Он окинул взглядом комнату, пытаясь найти что-нибудь съестное. Ничего не попадалось на глаза, и Морли вспомнил о небольшом кувшине молока, который раб-посыльный принес ему вечером из усадьбы, и о патоке, которую можно добавить в молоко. Именно то, что нужно!

Кормить ребенка оказалось довольно нелегко. Сделав из чистой тряпицы некое подобие соски и время от времени смачивая ее в молоке, Морли с грехом пополам накормил новорожденного. Малыш сосал весьма охотно, и это значительно облегчало Морли его задачу. Когда же ребенок наелся и заснул, Морли осторожно положил его обратно на кресло и, усевшись рядом, стал размышлять, как поступить дальше.

Будь дома Сэм, никаких вопросов бы не возникло. Родственник разобрался бы во всем и нашел способ уладить дело. Но Сэм был далеко, в Филадельфии, и домой его ждали только через несколько недель. Ведь не мог Морли оставить ребенка у себя — у него не было ничего, что обычно требуется новорожденным, а сам он не кормил маленьких детей и не ухаживал за ними. Кроме того, жизни малыша, как предполагал Морли, все еще угрожала опасность.

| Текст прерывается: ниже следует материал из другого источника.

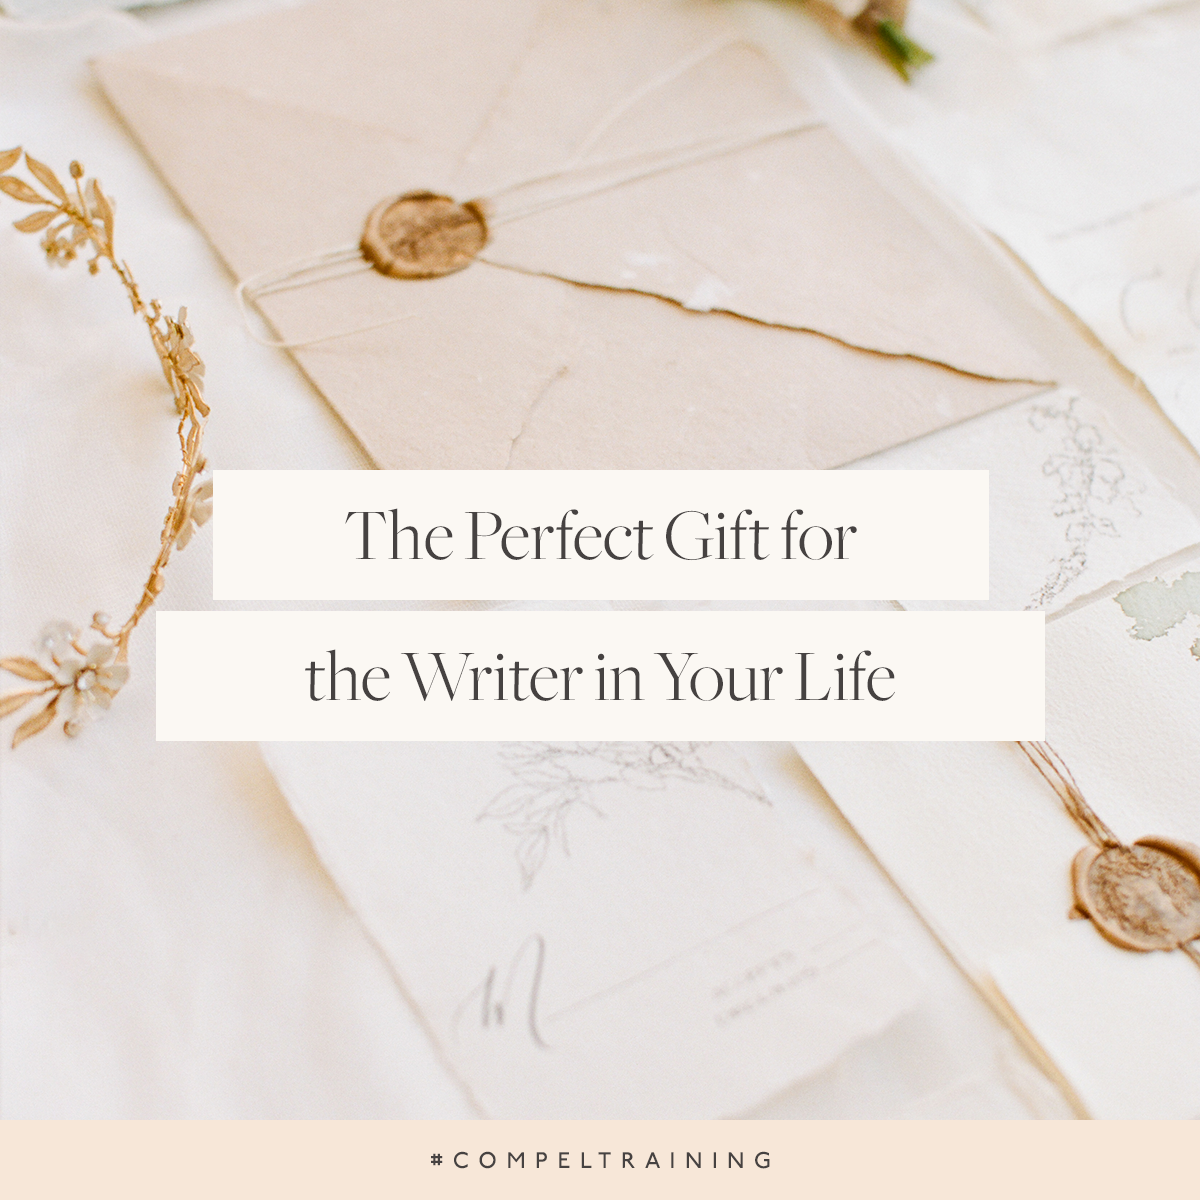 The Perfect Gift for the Writer in Your Life

Итак, заключил Морли, надо спрятать ребенка в надежном месте, а затем поговорить с Сэмом. Кто бы мог взять малыша к себе? На кого можно положиться?

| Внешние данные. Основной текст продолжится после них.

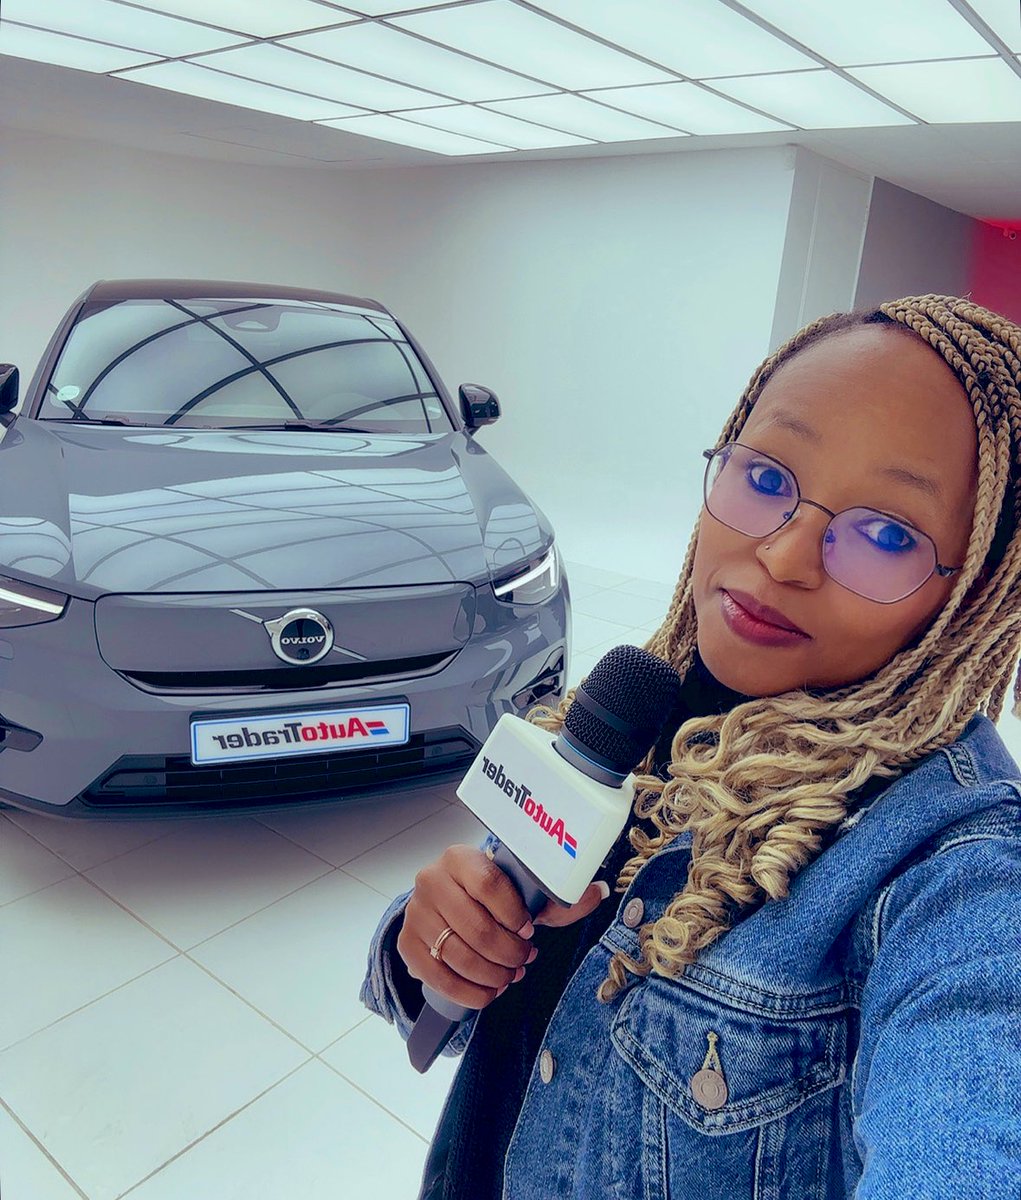 Hanging out with @AutoTraderSA for the day #volvoc40

Наморщив лоб и расхаживая по комнате, Морли перебирал в уме своих многочисленных друзей и родственников, прикидывая, кому из них можно доверить малыша. После непродолжительного раздумья он решил, что лучше всего отвезти ребенка к своему двоюродному брату Эндрю Уокеру. Эндрю держал частную школу в Питерсберге, небольшом городке на реке Аппаматак. Он был добрым и отзывчивым человеком, и жители городка уважали его. Лучшего места, подумал Морли, для ребенка, чем Питерсберг, не найти: далеко от Уокер-Ридж — малыш будет там в безопасности, а когда все уладится, ребенка будет нетрудно забрать оттуда. До городка Морли мог добраться дней за пять, если повезет, конечно.

Морли хорошо знал и жену Эндрю, Марту. За десять лет, прожитых с мужем, Марта рожала несколько раз, однако дети появлялись на свет мертвыми. Сейчас, кажется, супруги уже смирились с мыслью о том, что наследников у них не будет никогда. Да, подумал с грустной улыбкой Морли, последнему поколению Уокеров явно не везет на детей. Но как бы там ни было, кузен и Марта наверняка обрадуются малышу и охотно примут его.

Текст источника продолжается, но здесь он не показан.